I had to remove after a week or so as I had no brakes (not sure why they failed tho)....then tried the grackle which has been more of a success (as you already know!!!!)
ETS: Its worth a go


----------



## wizoz (7 July 2008)

Ok, thanks for that. I definately don't need less brakes


----------



## tigers_eye (7 July 2008)

I cut a vetwrap lengthways (so only half the width) and wrapped it round and round the sides of an eggbutt (make sure the rings are bent how they'd be in the horse's mouth!), then rubbed vaseline into it. Her mouth didn't tear with that, but I'm not sure it's ideal. The only way I could ride her really was in a nathe dutch gag and I had to completely let go inbetween fences, otherwise by half way round her mouth was totally dead. I did school, show-jump and gallop her in a hackamore too, but was never brave enough to go xc in it.


----------



## wizoz (7 July 2008)

Mmm, interesting. It's worth giving it a go, even just once!


----------



## kerilli (7 July 2008)

wizoz, a friend has just suggested chamois leather to me, wrapped round bit and sewn (so they can't work it loose and swallow it, i guess!), has worked for her in the past on real pullers. plus will get nice and wet and soft and feel nice.


----------



## karenpi (7 July 2008)

Try a latex bandage, you can get them from equestrian catalogues.  Look for Sealtex Latex bandage.  A friend used it on her TB who was always cutting his mouth and it helped a lot.


----------



## wizoz (7 July 2008)

[ QUOTE ]
Try a latex bandage, you can get them from equestrian catalogues.  Look for Sealtex Latex bandage.  A friend used it on her TB who was always cutting his mouth and it helped a lot. 

[/ QUOTE ]

Yep, that's what i've got, just not used it yet. Thanks anyway 
	
	
		
		
	


	





Kerilli, clever idea, but you haven't seen my sewing


----------



## HairyHatMan (7 July 2008)

I've not tried it but I have a similar problem with my mare. The corner of one side of her mouth always splits easily. I've tried lots of different bits and potions, and what works best for her is Gold Label's skin hardner gel, just a tiny bit wiped on it every day.

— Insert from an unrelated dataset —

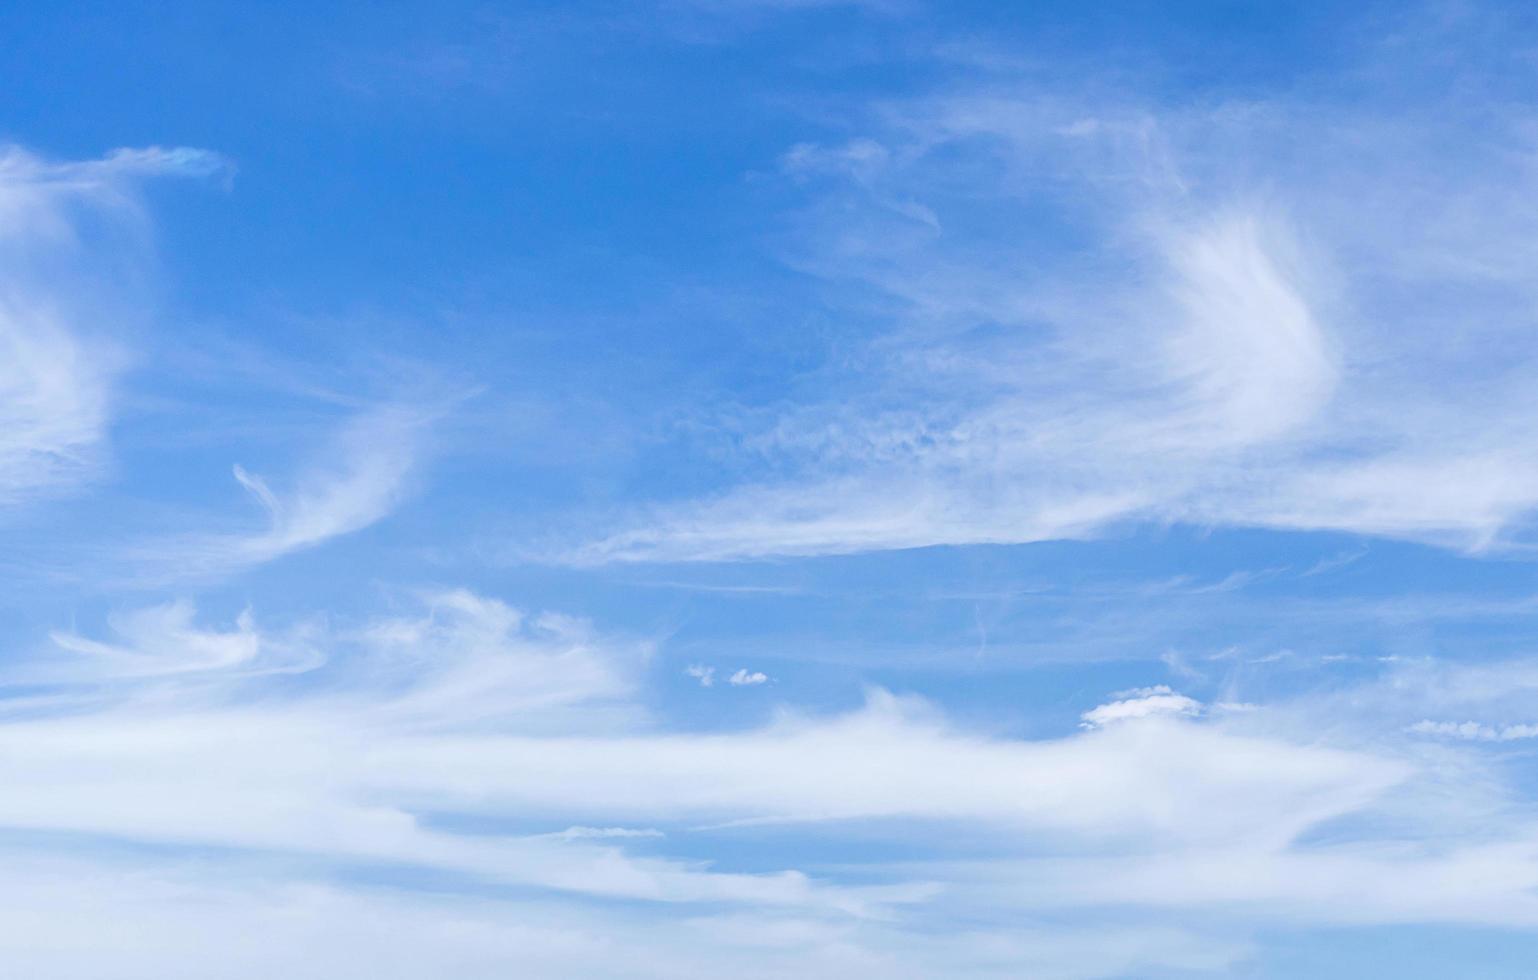 ciel bleu nuageux photo

Seems to be doing the best job so far, along with a Myler bit which is quite thin, plus being curved takes the pressure off a bit.


----------



## wizoz (7 July 2008)

Thanks for that


----------



## madhector (8 July 2008)

I have the same problem with J's mouth, one side splits really easily. Tried rubber bits (made it worse) and putting loads of vasaline on it (helped short term but think it actually softened the skin after a while and made it worse) Now back in a metal bit and have been told to ignore it and ride him through it and hope it heals and hardens on its own. 

Sorry that doesnt help much does it? 
	
	
		
		
	


	





If you have any success can you let me know what you did?


----------



## Gamebird (8 July 2008)

[ QUOTE ]
wizoz, a friend has just suggested chamois leather to me, wrapped round bit and sewn (so they can't work it loose and swallow it, i guess!), has worked for her in the past on real pullers. plus will get nice and wet and soft and feel nice. 

[/ QUOTE ]

Our local saddler re-covers rubber bits when the rubber has got all chewed and falling off. He uses soft leather which horses really seem to like - even more so than the original rubber.


----------



## clairel (9 July 2008)

Don't know if this really helps but we use salt water on horses with soft mouths. If they rub or cut easily just wash with salt water once or twice a day. It not only keeps it clean and helps it heal but it also hardens the skin and seems to prevent it cutting again! (It may take a wee while tho!)


----------